YOUR OBJECTIVE: Leave every picture out, then reproduce the rest of the listing exactly.

#### PROVIDED MATERIAL

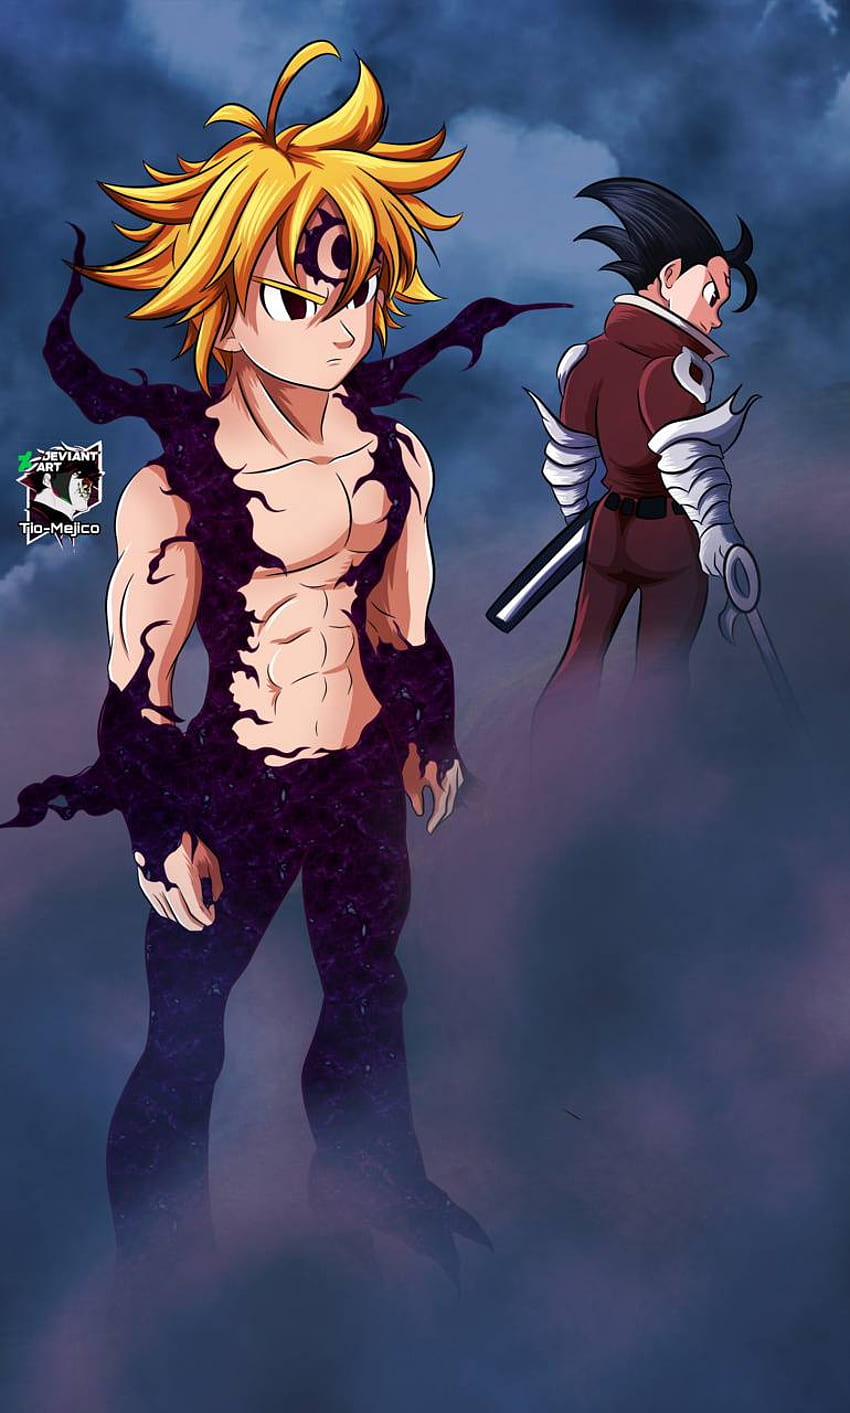 Wallpaper ID 448283  Anime The Seven Deadly Sins Phone Wallpaper Zeldris  The Seven Deadly Sins Tattoo 720x1280 free download
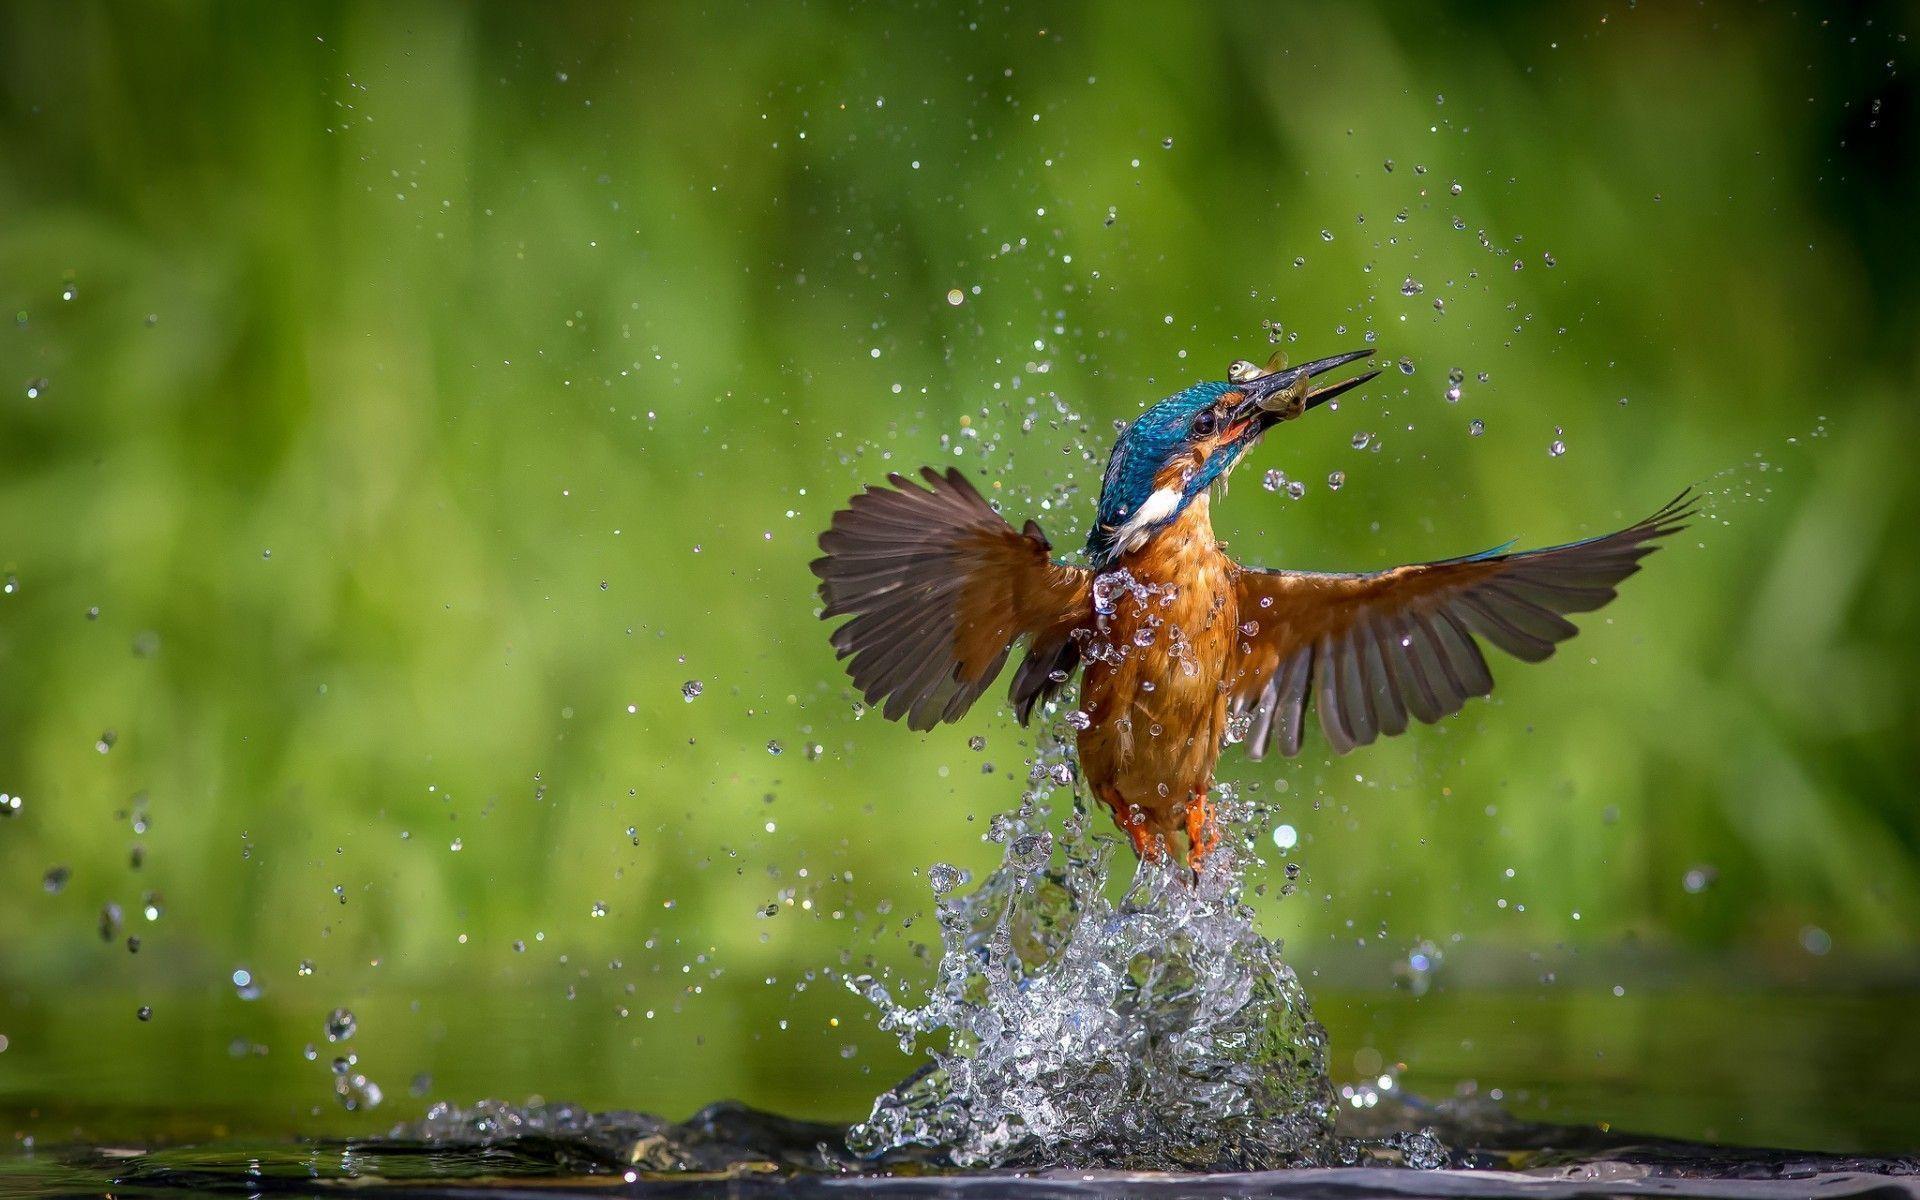 Kingfisher Wallpapers - Wallpaper Cave
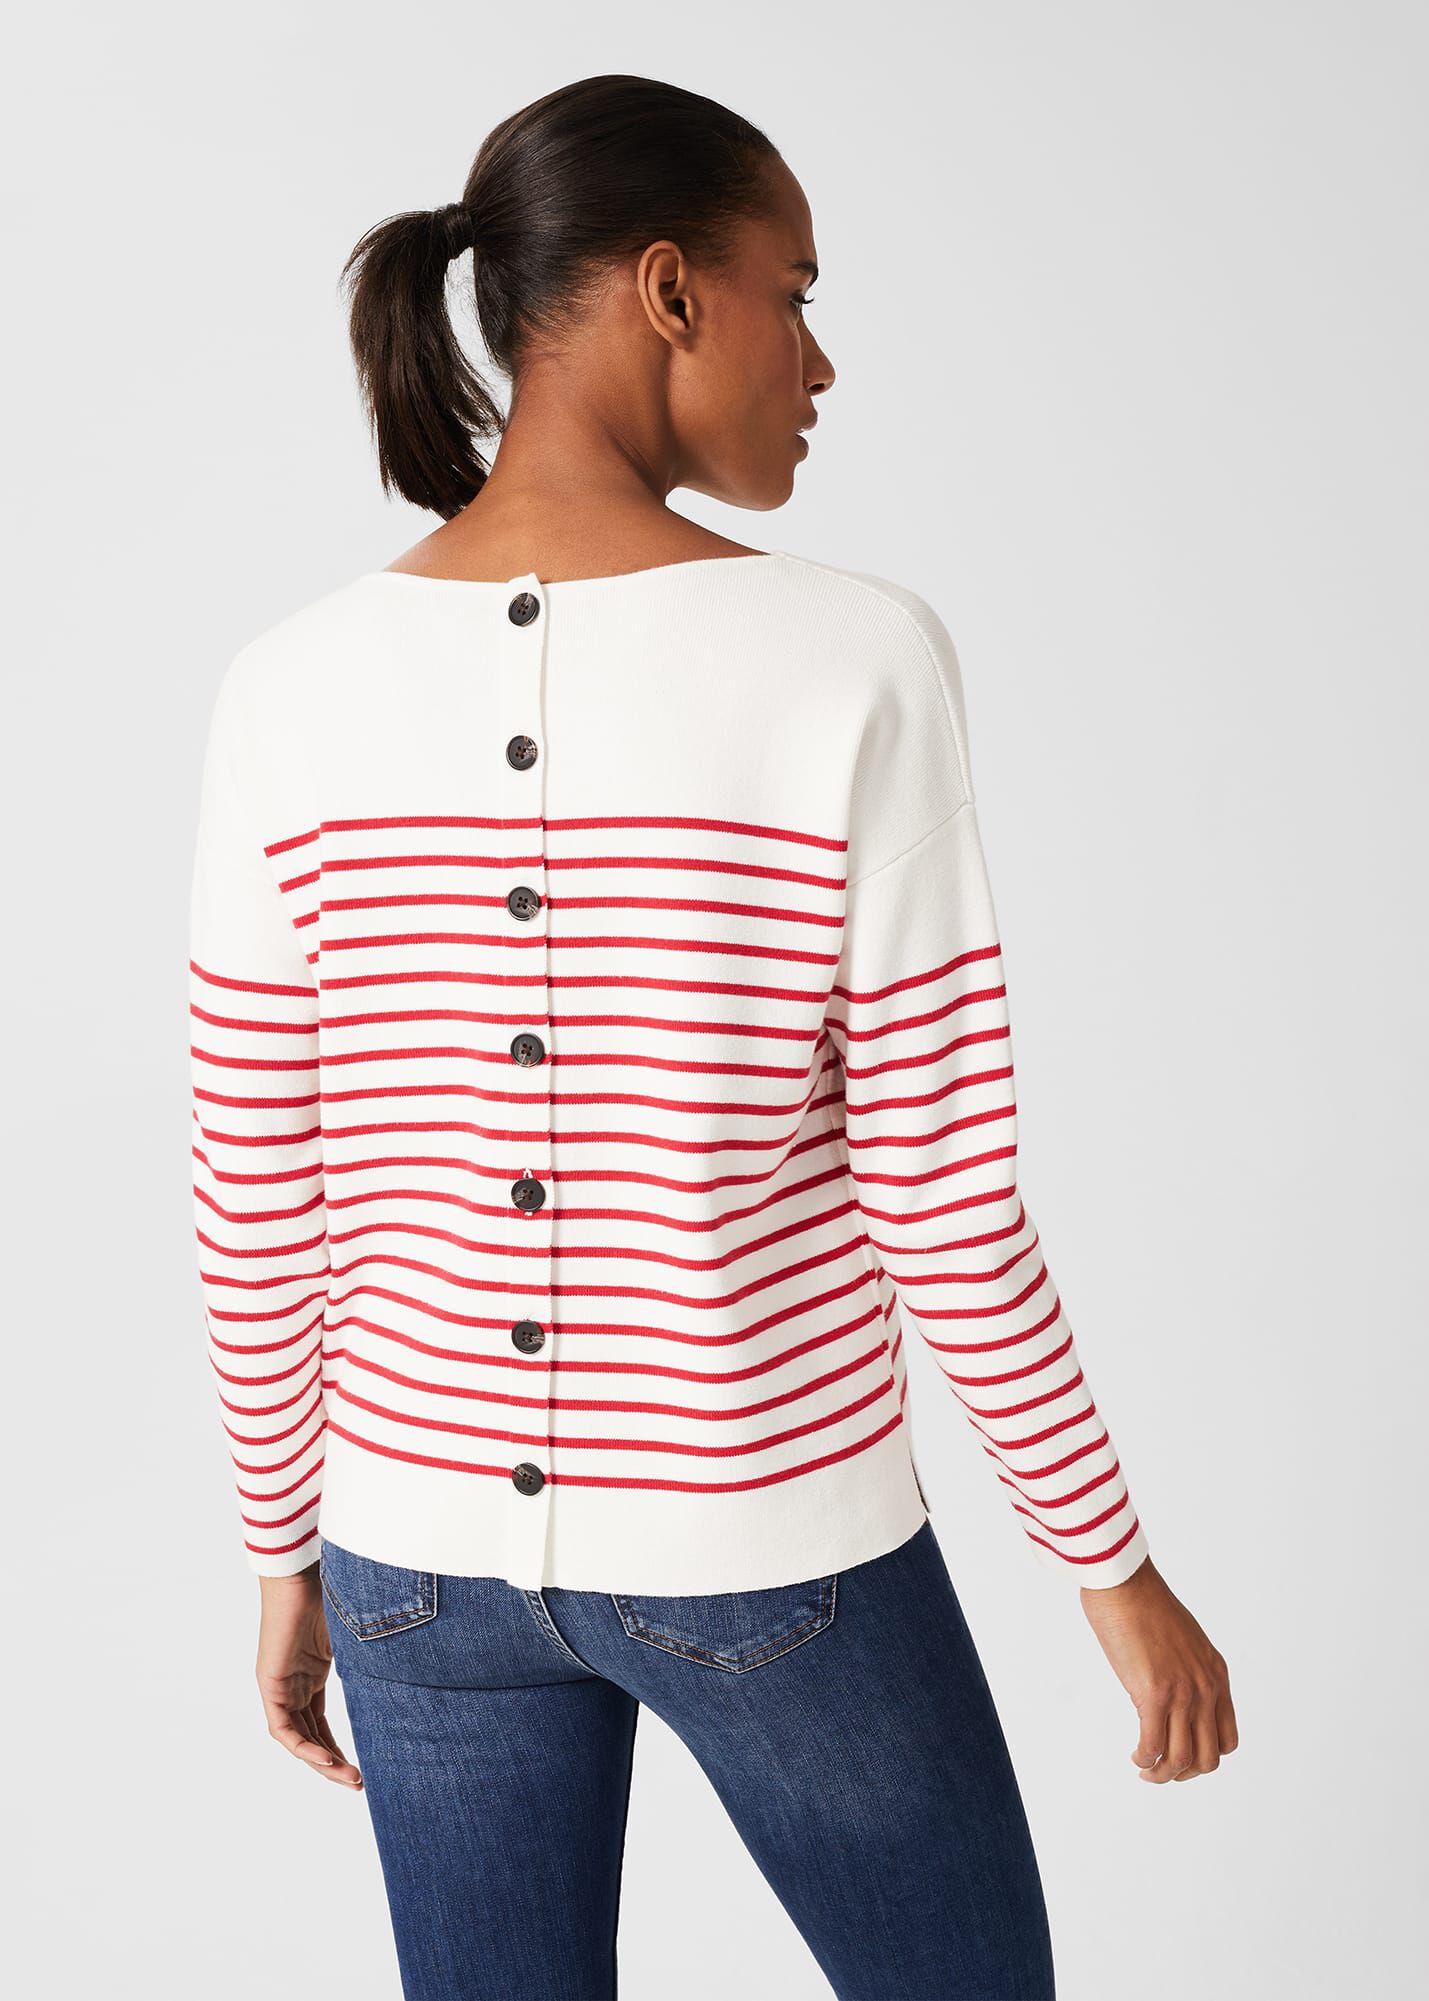 Womens Clothing Jumpers and knitwear Jumpers Hobbs Cotton Petra Striped Jumper in Ivory Red Red

########

WRITTEN REPLY:
 Wallpaper ID 448283  Anime The Seven Deadly Sins Phone Wallpaper Zeldris  The Seven Deadly Sins Tattoo 720x1280 free download
 Kingfisher Wallpapers - Wallpaper Cave
 Womens Clothing Jumpers and knitwear Jumpers Hobbs Cotton Petra Striped Jumper in Ivory Red Red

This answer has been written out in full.